第117話 アルメスの夜


 リディアの紹介の宿は高級そうな感じで、三人でキョロキョロしてしまった。


「こんな高そうな宿は初めてだぜ。」


 アイシャもメイちゃんも驚いている。


 ちなみに部屋は二部屋。

 現在の宿の宿泊状況の関係で、二人部屋を二部屋とった。


 最初アイシャは一部屋で良いって言ってたけど、僕の拒否と、頑なに一部屋を認めないリディアにより、二部屋となった。


 残念とか思ってないよ。

 本当だよ。


 食事は部屋でも食べられたけど、折角だから宿の食堂でアイシャとメイちゃんと一緒に食べた。


 そして事件はその後起きた。


 アイシャとメイちゃんが僕の部屋で寝るって言い張っている!!


「つがい同士で部屋を共にするのは当然だ!いいじゃねぇか!!なんにもしねぇって!・・・ボソッ(寝る時はいつも服着ねえけどな。)」

「そうだよお兄さん!メイ達を信じて!!仲間だったらいつも一緒に居なきゃ駄目なんだよ!お母さんがそう言ってた!!・・・ボソッ(好きな人が出来たら絶対離れず隙を見て既成事実を作れって)」


 駄目だってば!

 僕は強引にアイシャ達を二人の部屋に押し込み自分の部屋に入る。


 そして外から結界を張った。


 これで、朝まで外には出られないだろう。

 トイレは部屋にあるし大丈夫だろう・・・多分。


 なんかアイシャとメイちゃんが最後ぼそぼそ言ってたけどなんだろう?


 そして翌朝、いつもどおり日の出前に起きて、部屋の中で、八極拳の套路をなぞる。

 套路というのは空手なんかで言う型だね。

 

 震脚をするので、部屋に結界を張り、床が抜けたり音が漏れないようにする。

 一汗かいた後に結界を解き、濡れた布で身体を拭いていると、ドアがノックされる。


 Tシャツを来てドアを開けるとそこにはアイシャとメイちゃんが居た。

 ムスッとしていたので、


「おはよう。どうしたの?」

「どうしたもこうしたもねぇ。部屋から出れねえようにしたのリョウマだろ?折角のチャンスが台無しだぜ。」

「お兄さん酷い。」


 メイちゃんほっぺがぱんぱんである。

 つついていいかな?


 それよりご飯にいこう、と誘ってみると、二人はお腹が空いていたようで、おとなしく付いてきた。

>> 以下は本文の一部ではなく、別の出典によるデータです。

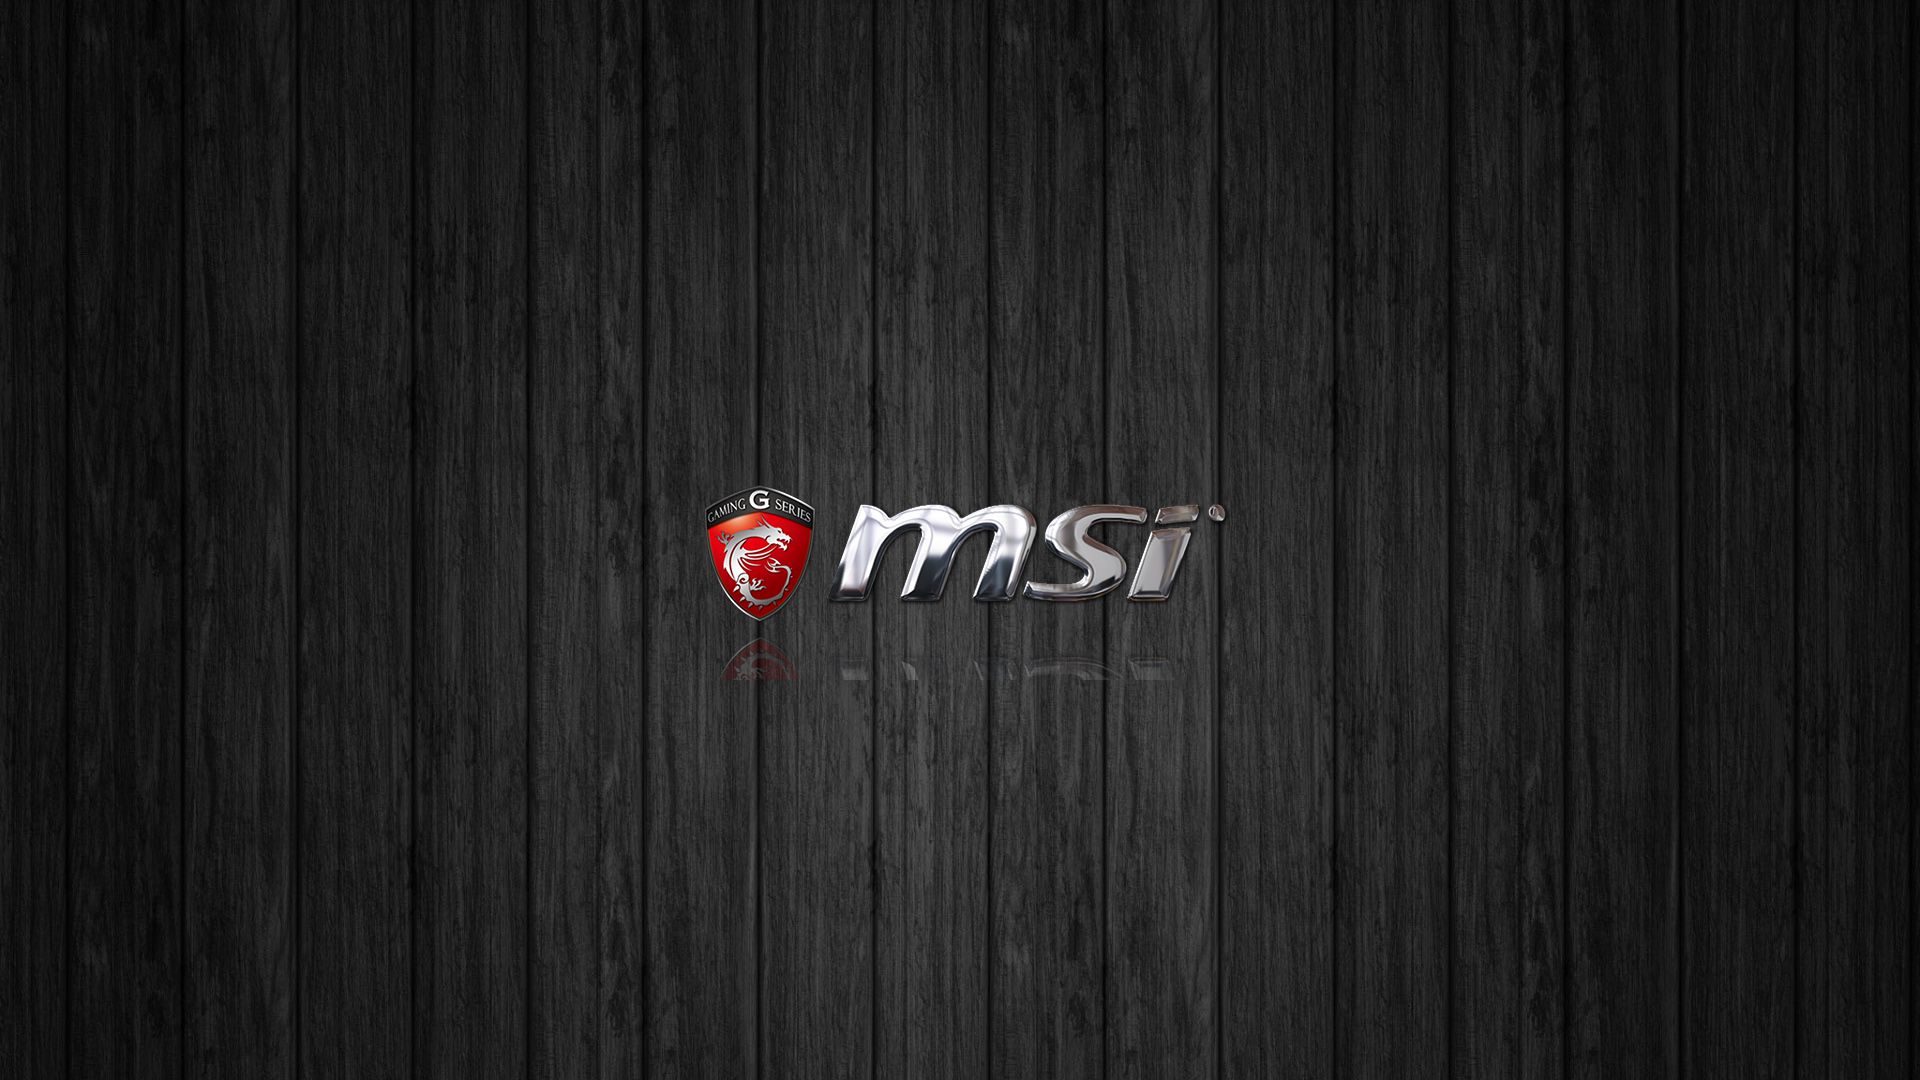 MSI Wallpaper. MSI Red Wallpaper, MSI Gaming Wallpaper and MSI Motherboard Wallpaper

 食堂でご飯を食べると、その頃には二人の機嫌は完全に治っていた。


「おはようございます。」

「おはよう。」


 そこに、リディアとグレイスがやってきた。

 挨拶を返す僕たち。


「色々聞きたいこともありますが、とりあえず準備ができ次第我が家へむかいましょう。お父様にお待ちいただいています。」


 そして各自準備を整えて、リディアの家に出発したのだった。